The paper first formulates the goal of training on multiple datasets, and then based on the analysis of the graphs2
The observation of the emergent properties introduced in to improve the training strategy. Overall, the results used for the\(M\) data set\(D_1\) , \(D_2\) , ..., \(D_M\) The optimization objective for training a multi-dataset target detector on can be stated as follows:
which, in addition to the task-specific classification header\(\mathcal{H}_c^{m}\) Outside, the target detector\(f(\cdot)\) The rest of the components, including the encoder\(Enc(\cdot)\) , decoder\(Dec(\cdot)\) The following are some examples of the types of queries that can be used to generate a target query.\(\mathcal{Q}^c\) lightweightMLPs
(Formula7
), as well as category-independent box regression headers\(\mathcal{H}_b(\cdot)\) that are shared between different datasets. Thanks to the dataset-specific classification header\(\mathcal{H}_c^{m}(\cdot)\) Losses\(\ell_m\) The ability to naturally customize for specific datasets ensures that the original training loss and sampling strategy is retained for each dataset individually. For example, for long-tailedLVIS
Data set applicationsRFS
but not forCOCO
Dataset.
While dataset-specific losses can be adapted to the internal features of each dataset, significant differences between datasets, such as differences in dataset size, present training challenges that must be addressed. Therefore, the paper proposes a hardness-indicative sampling strategy to balance the number of images between different datasets and dynamically evaluate the difficulty of the datasets during online training.
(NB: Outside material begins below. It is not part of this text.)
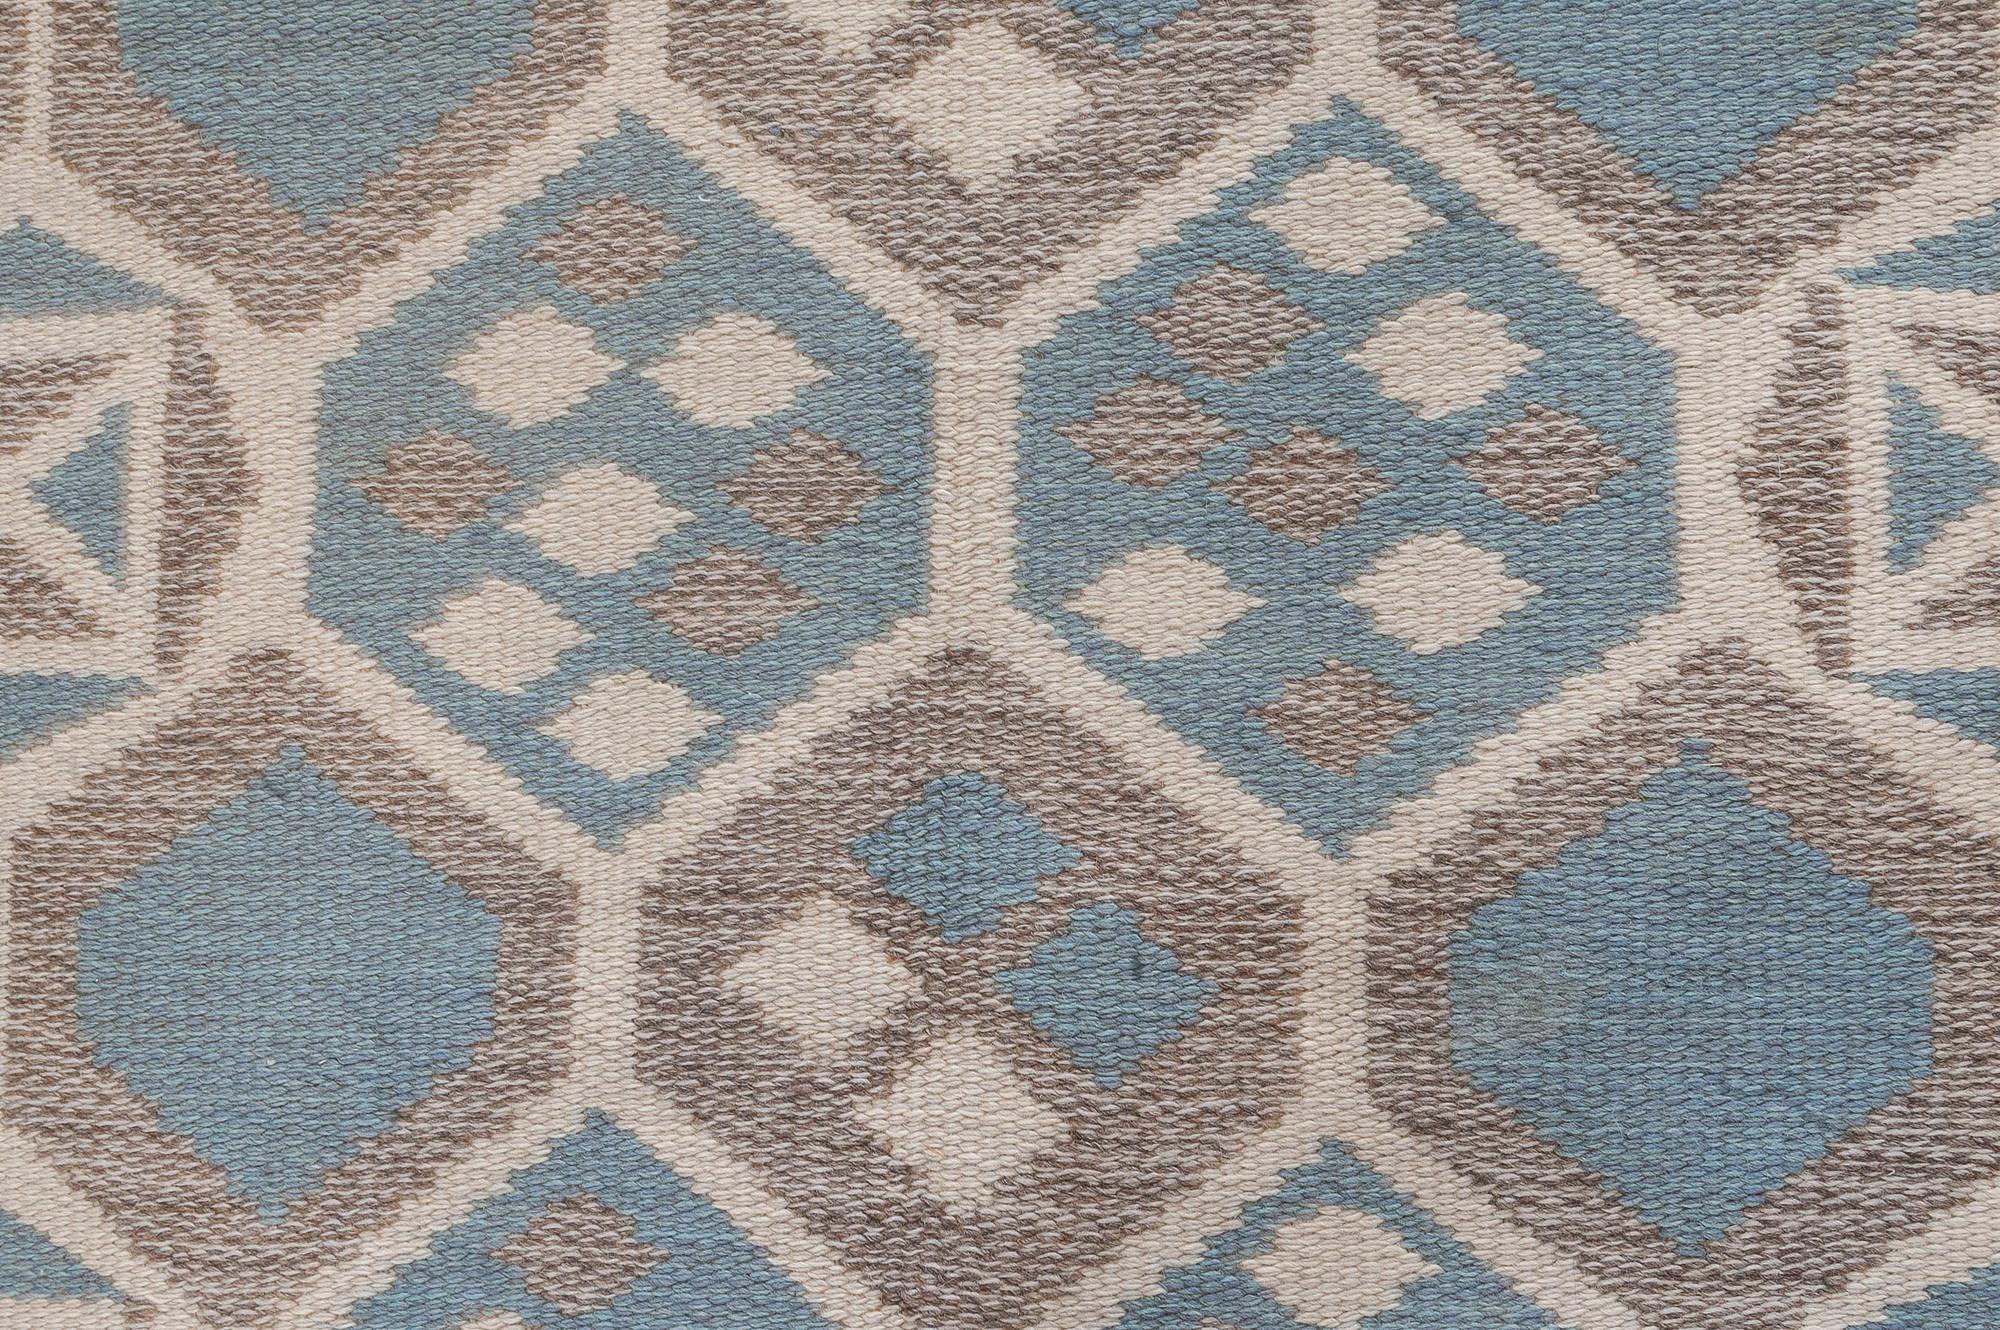 Tapis scandinave géométrique en laine fait main du milieu du siècle dernier
Taille : 5'4

The box loss for different datasets was first recorded periodically\(L_1, \ldots, L_m\) . The online sampling weights were then calculated as follows\(w_m\) :
included among these\(S_i\) denotes the number of images in the i-th dataset.\(w_m\) will involve controlling the weights of each dataset in the data sampling. The online sampler will be weighted according to its corresponding\(w_m\) of the proportion of data sampled from each dataset.
Experiment
If this article is helpful to you, please click a like or in the look at it ~~
For more content, please pay attention to WeChat public number [Xiaofei's Algorithm Engineering Notes].